▸ Data extracts:
* * *

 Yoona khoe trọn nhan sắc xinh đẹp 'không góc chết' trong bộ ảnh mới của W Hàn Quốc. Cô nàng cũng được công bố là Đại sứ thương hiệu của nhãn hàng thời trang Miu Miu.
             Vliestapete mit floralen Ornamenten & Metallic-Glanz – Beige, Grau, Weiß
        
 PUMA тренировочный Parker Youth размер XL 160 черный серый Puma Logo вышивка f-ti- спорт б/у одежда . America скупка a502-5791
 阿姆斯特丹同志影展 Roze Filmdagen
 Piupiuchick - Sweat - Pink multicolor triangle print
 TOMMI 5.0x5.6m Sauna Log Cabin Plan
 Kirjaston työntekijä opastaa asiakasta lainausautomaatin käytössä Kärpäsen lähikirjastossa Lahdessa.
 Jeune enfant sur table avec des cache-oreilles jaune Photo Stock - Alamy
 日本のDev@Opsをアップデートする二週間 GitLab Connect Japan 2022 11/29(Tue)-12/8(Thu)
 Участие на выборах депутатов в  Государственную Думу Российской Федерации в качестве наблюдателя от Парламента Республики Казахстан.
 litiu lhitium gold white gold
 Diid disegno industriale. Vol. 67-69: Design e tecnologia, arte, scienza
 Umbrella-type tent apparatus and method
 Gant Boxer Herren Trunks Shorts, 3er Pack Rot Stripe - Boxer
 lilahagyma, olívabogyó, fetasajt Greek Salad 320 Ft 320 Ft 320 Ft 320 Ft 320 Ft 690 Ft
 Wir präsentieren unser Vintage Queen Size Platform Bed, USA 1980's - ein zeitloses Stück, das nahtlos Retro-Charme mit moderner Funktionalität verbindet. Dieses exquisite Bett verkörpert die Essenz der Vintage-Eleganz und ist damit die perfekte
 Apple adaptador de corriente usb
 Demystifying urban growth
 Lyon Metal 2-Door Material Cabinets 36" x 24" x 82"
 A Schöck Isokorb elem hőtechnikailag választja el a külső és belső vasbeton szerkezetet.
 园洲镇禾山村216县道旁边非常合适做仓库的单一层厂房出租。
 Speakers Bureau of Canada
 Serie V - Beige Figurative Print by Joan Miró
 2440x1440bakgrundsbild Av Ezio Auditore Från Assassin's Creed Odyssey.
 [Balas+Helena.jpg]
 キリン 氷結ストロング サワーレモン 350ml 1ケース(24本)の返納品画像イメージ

* * *

▸ Exercise description: In the entries above, find the line with "阿姆斯特丹同志影展 Roze Filmdagen" and the line with "lilahagyma, olívabogyó, fetasajt", then restate word for word both of them and every line between, with nothing more.

▸ Exercise response:
 阿姆斯特丹同志影展 Roze Filmdagen
 Piupiuchick - Sweat - Pink multicolor triangle print
 TOMMI 5.0x5.6m Sauna Log Cabin Plan
 Kirjaston työntekijä opastaa asiakasta lainausautomaatin käytössä Kärpäsen lähikirjastossa Lahdessa.
 Jeune enfant sur table avec des cache-oreilles jaune Photo Stock - Alamy
 日本のDev@Opsをアップデートする二週間 GitLab Connect Japan 2022 11/29(Tue)-12/8(Thu)
 Участие на выборах депутатов в  Государственную Думу Российской Федерации в качестве наблюдателя от Парламента Республики Казахстан.
 litiu lhitium gold white gold
 Diid disegno industriale. Vol. 67-69: Design e tecnologia, arte, scienza
 Umbrella-type tent apparatus and method
 Gant Boxer Herren Trunks Shorts, 3er Pack Rot Stripe - Boxer
 lilahagyma, olívabogyó, fetasajt Greek Salad 320 Ft 320 Ft 320 Ft 320 Ft 320 Ft 690 Ft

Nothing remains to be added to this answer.